Just as hawks learn to balance the benefits and drawbacks of living in the urban environment, so must White. Benefits? He’s had countless positive encounters with residents who love to watch the hawks, and has been able to help interns like Snook gain experience and connections he hopes will help them in their careers. The drawbacks? He’s had equipment stolen—a Swarovski spotting scope, his camera and other small items.

On a Wednesday morning, White swings by the Markos’ house to deliver a season’s worth of nest-camera photos—approximately 11,000 images of the hawks. In Ron Marko’s office, they review some of their findings. All season, they thought that the nest in Marko’s yard held three chicks. Upon reviewing the photographs, White discovered that there had actually been four chicks in the nest the entire time.

“How often do they have four chicks? That’s gotta be fairly rare,” said Marko.

“I think there were three nests in Reno that had four chicks. It’s not that common,” said White.

The camera footage provided key information about the hawks that live in the nest, and the roles each parent played in taking care of the eggs and nestlings. “What I’ve learned after reviewing the pictures is that there are a lot of things going on that we can’t tell from pure ground observations,” White said.

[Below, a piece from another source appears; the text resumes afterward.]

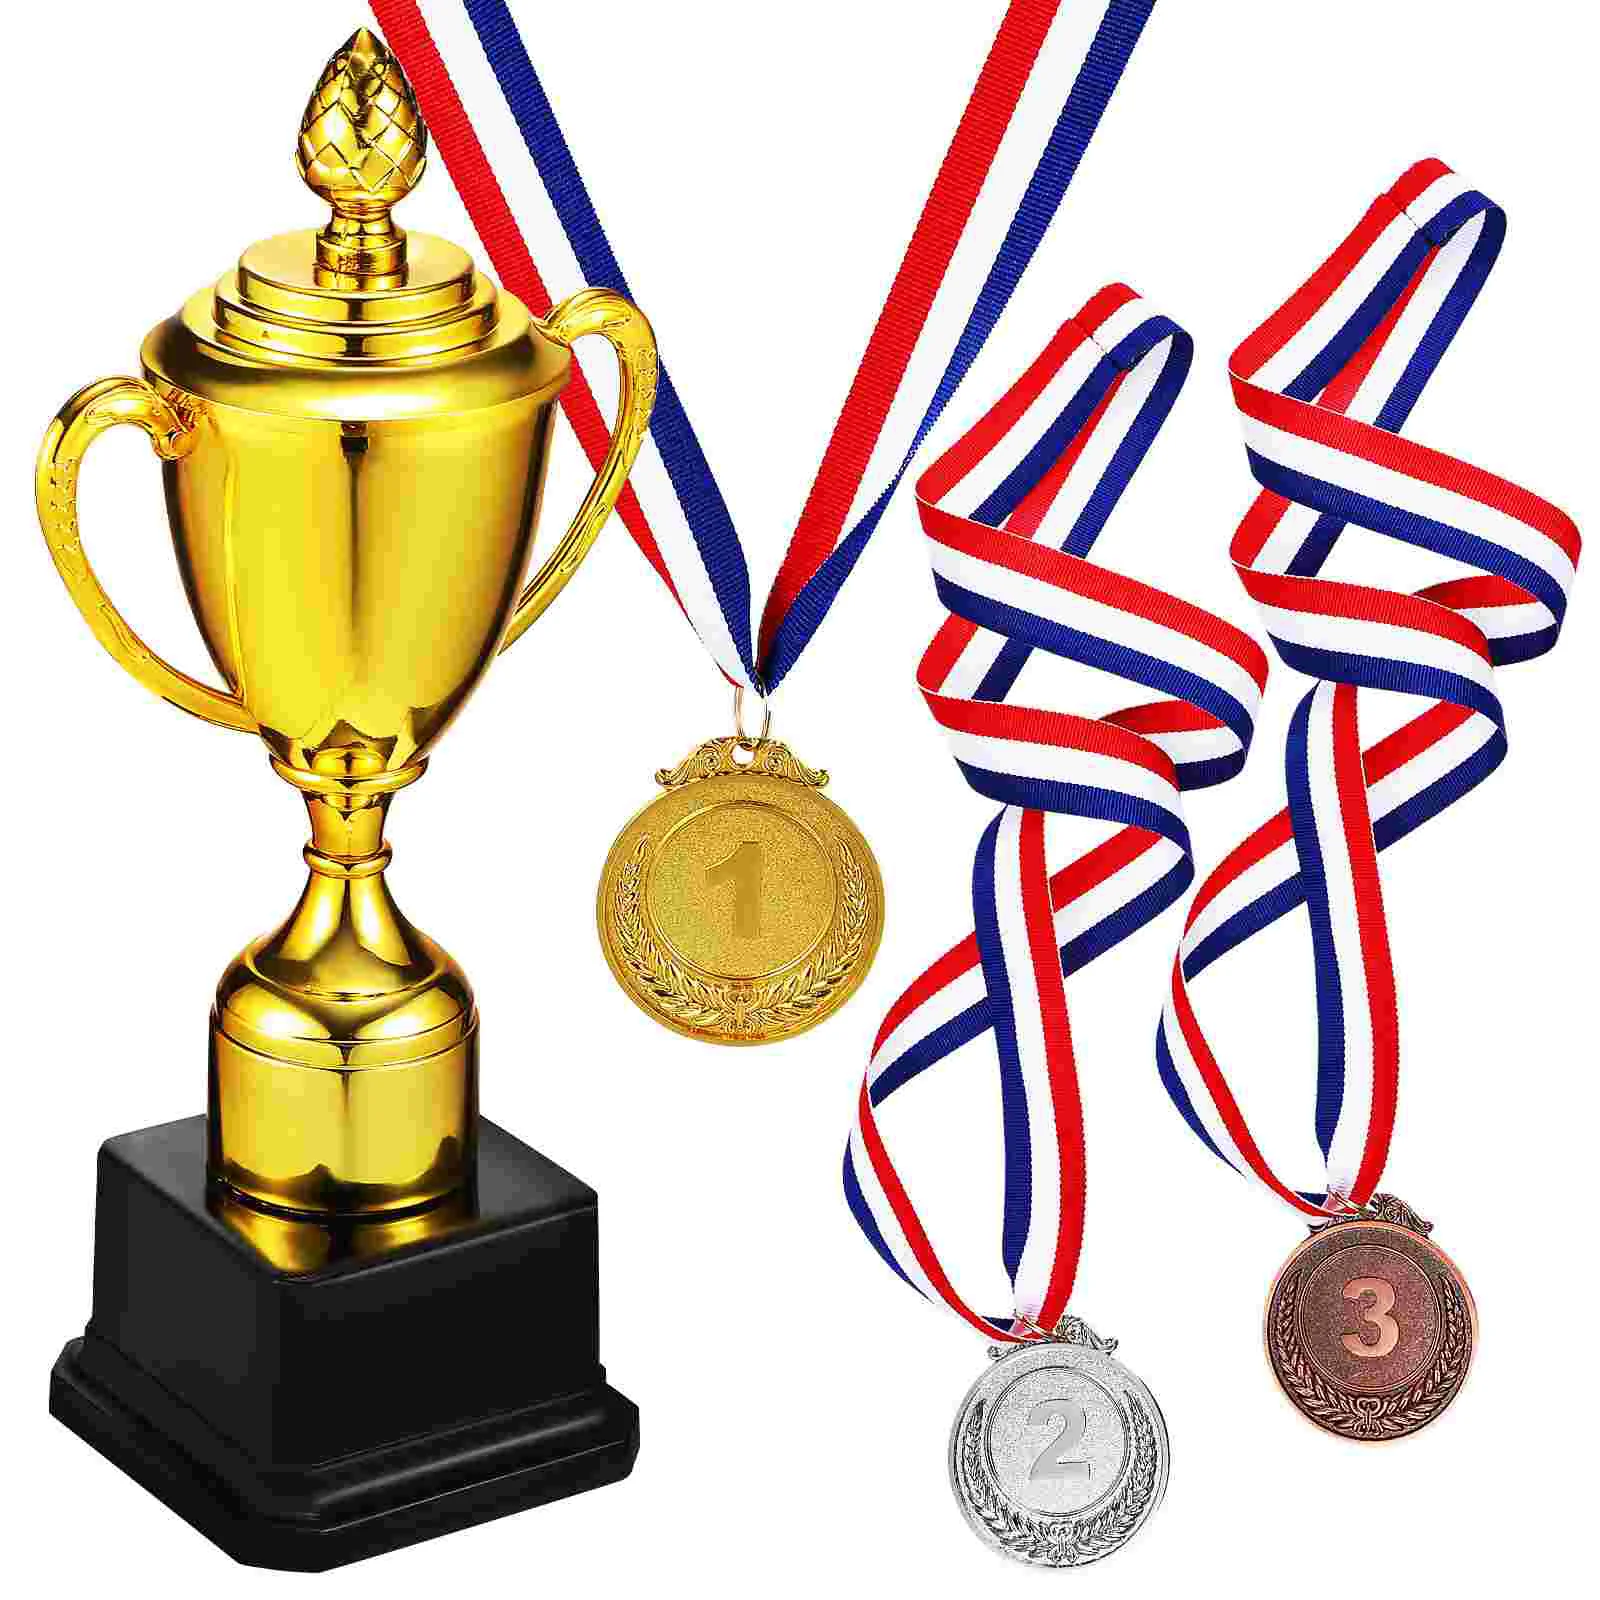 

Наградный трофей, наградный трофей, призовой Кубок, игрушка с 3 медалями для спортивного события, игровой трофей

The conversation moves on to White’s stolen gear, and Marko, who works as a T-shirt designer at Custom Ink in Reno, proposes starting a Booster fundraising campaign to raise money to replace White’s spotting scope before next season. And that’s another benefit of stepping into Reno’s neighborhood hawk-watching community: Some of them, like Marko, want to help his project succeed.

“[White] has been an amazing wealth of knowledge,” Marko said. “He’s provided a great deal of insight that we didn’t have until this year. We were fortunate to hook up with these guys.”

“The most fulfilling thing to me has been the excitement that residents have,” said White. “People get so excited about having hawks in their yard, and watching the young take flight. To be able to put that in some context to urban ecosystems, or put some cameras up there and share the photos with them, that’s been really cool—bringing the science we see elsewhere right here to our backyards.”

As the first season of the Reno Hawk Project comes to an end, White is headed to Virginia to visit family, then on to Arizona to do humanitarian work along the US/Mexican border. Snook is heading for Ecuador, and Marko—well, Marko may not have to pick up any more squirrel guts until next year, when the hawks return.